Raw data:
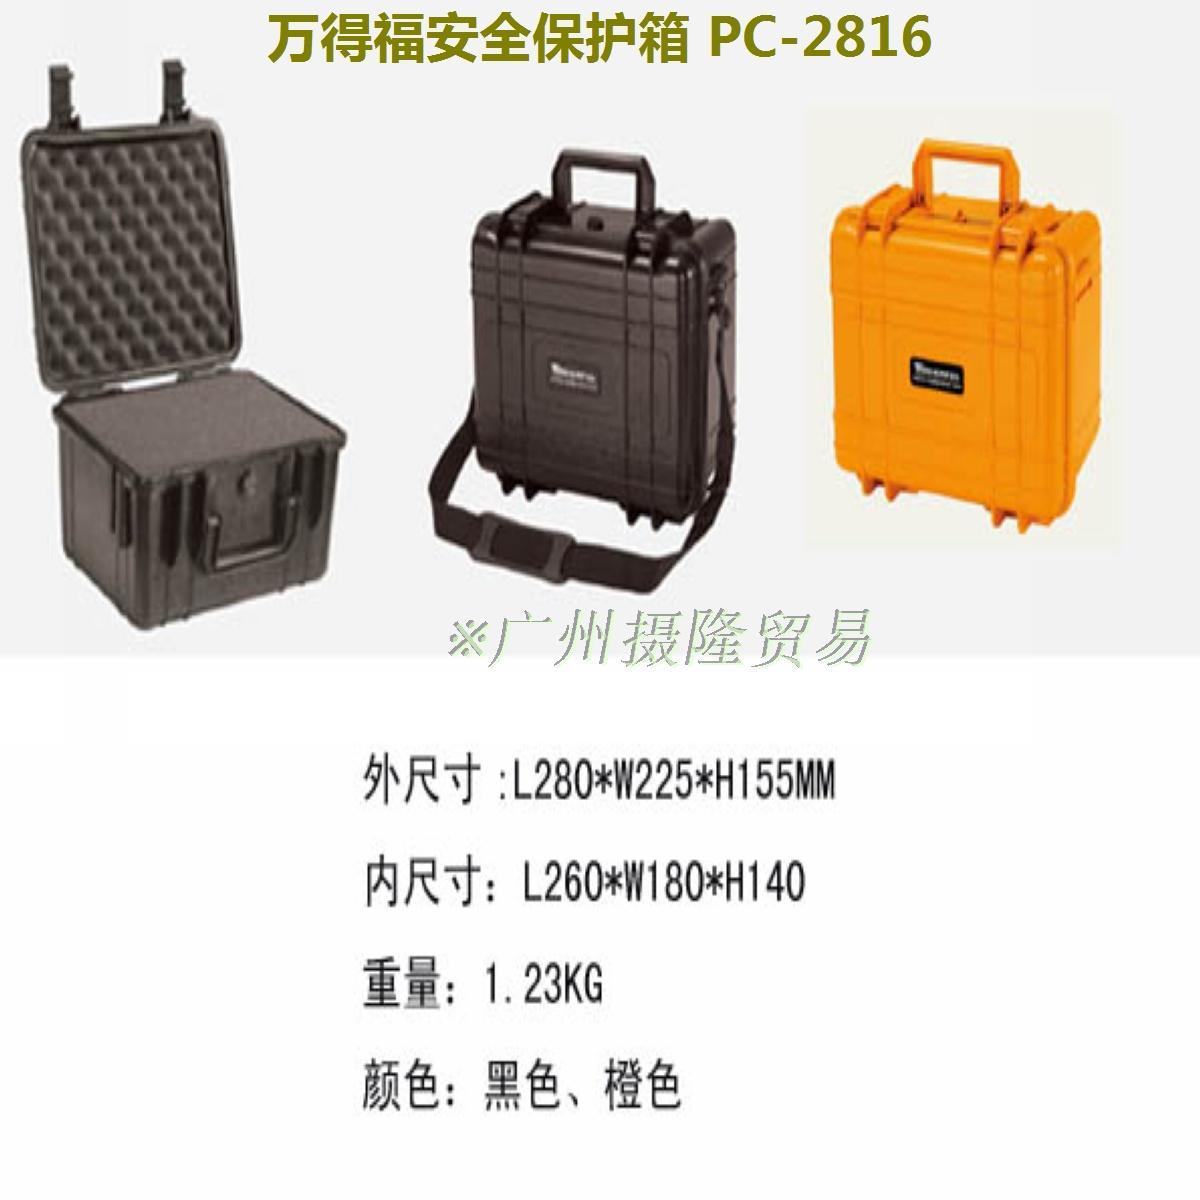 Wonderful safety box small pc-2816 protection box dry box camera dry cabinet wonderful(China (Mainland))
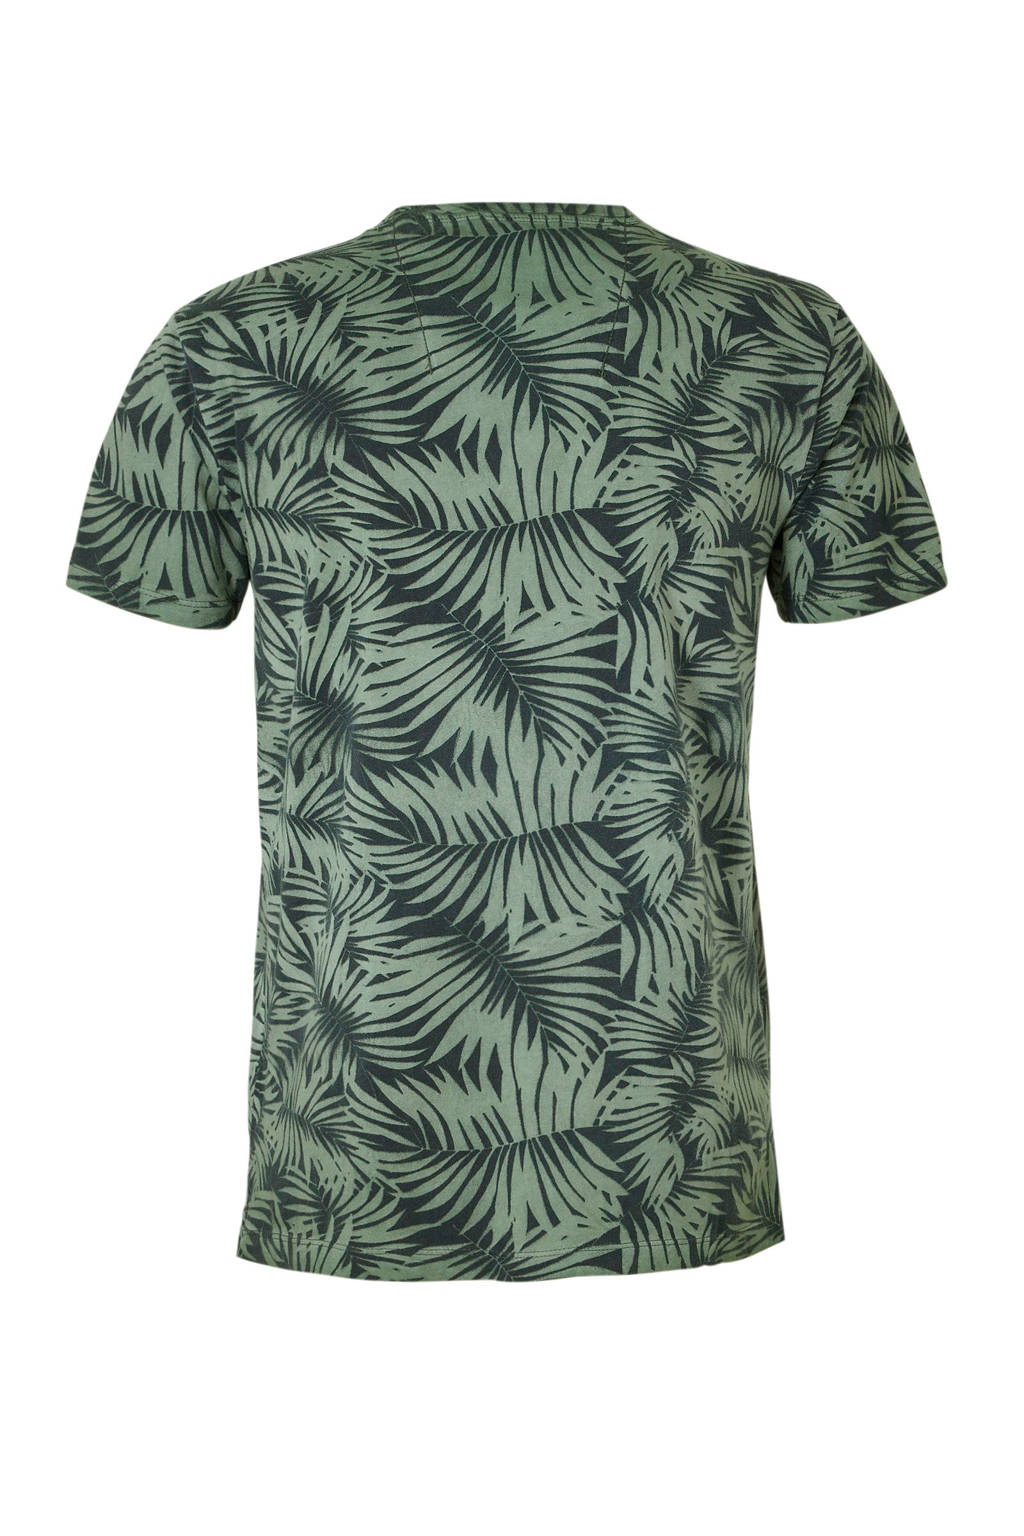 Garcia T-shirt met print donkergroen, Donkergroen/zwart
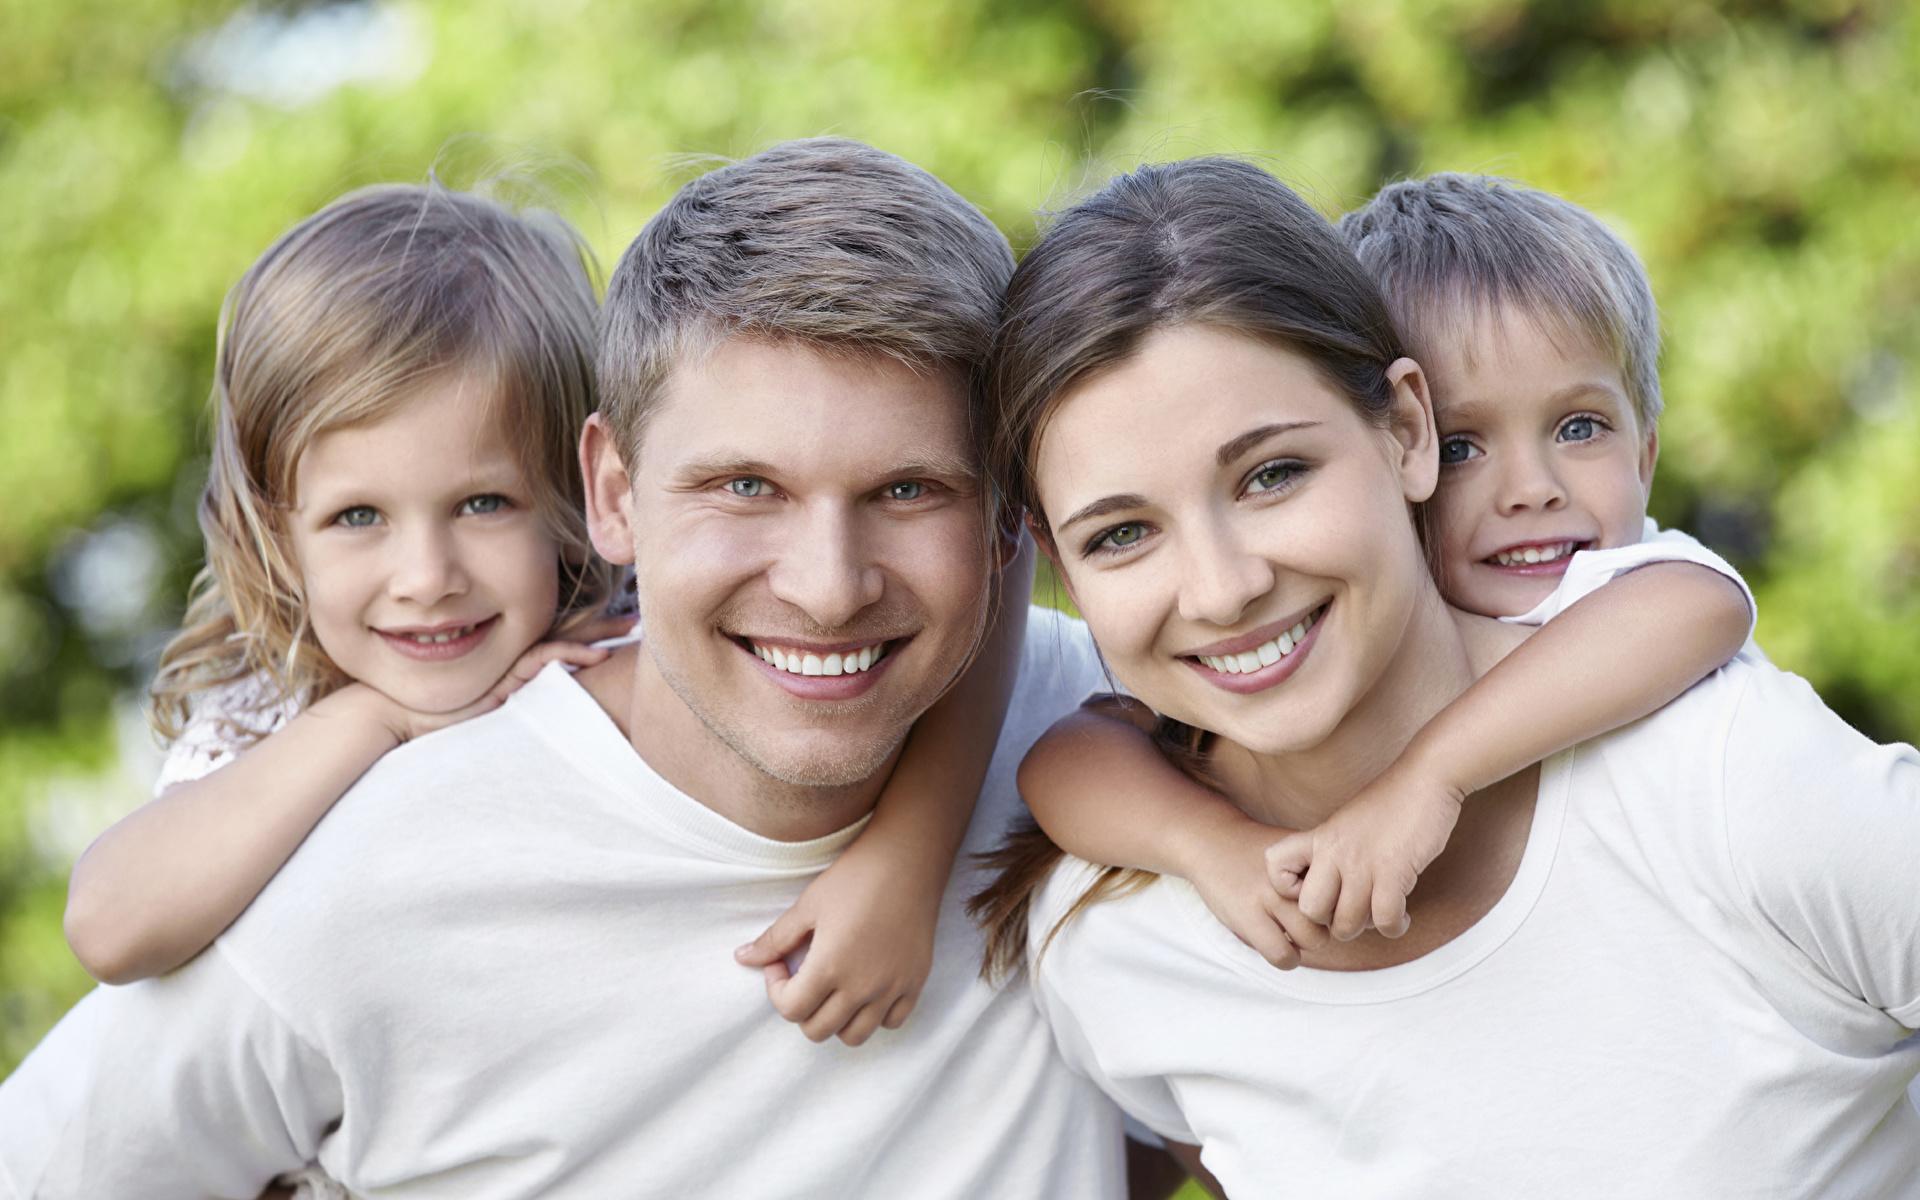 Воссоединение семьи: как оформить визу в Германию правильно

Exercise aim:
The data above must be given back verbatim, minus its images.

Answer area:
 Wonderful safety box small pc-2816 protection box dry box camera dry cabinet wonderful(China (Mainland))
 Garcia T-shirt met print donkergroen, Donkergroen/zwart
 Воссоединение семьи: как оформить визу в Германию правильно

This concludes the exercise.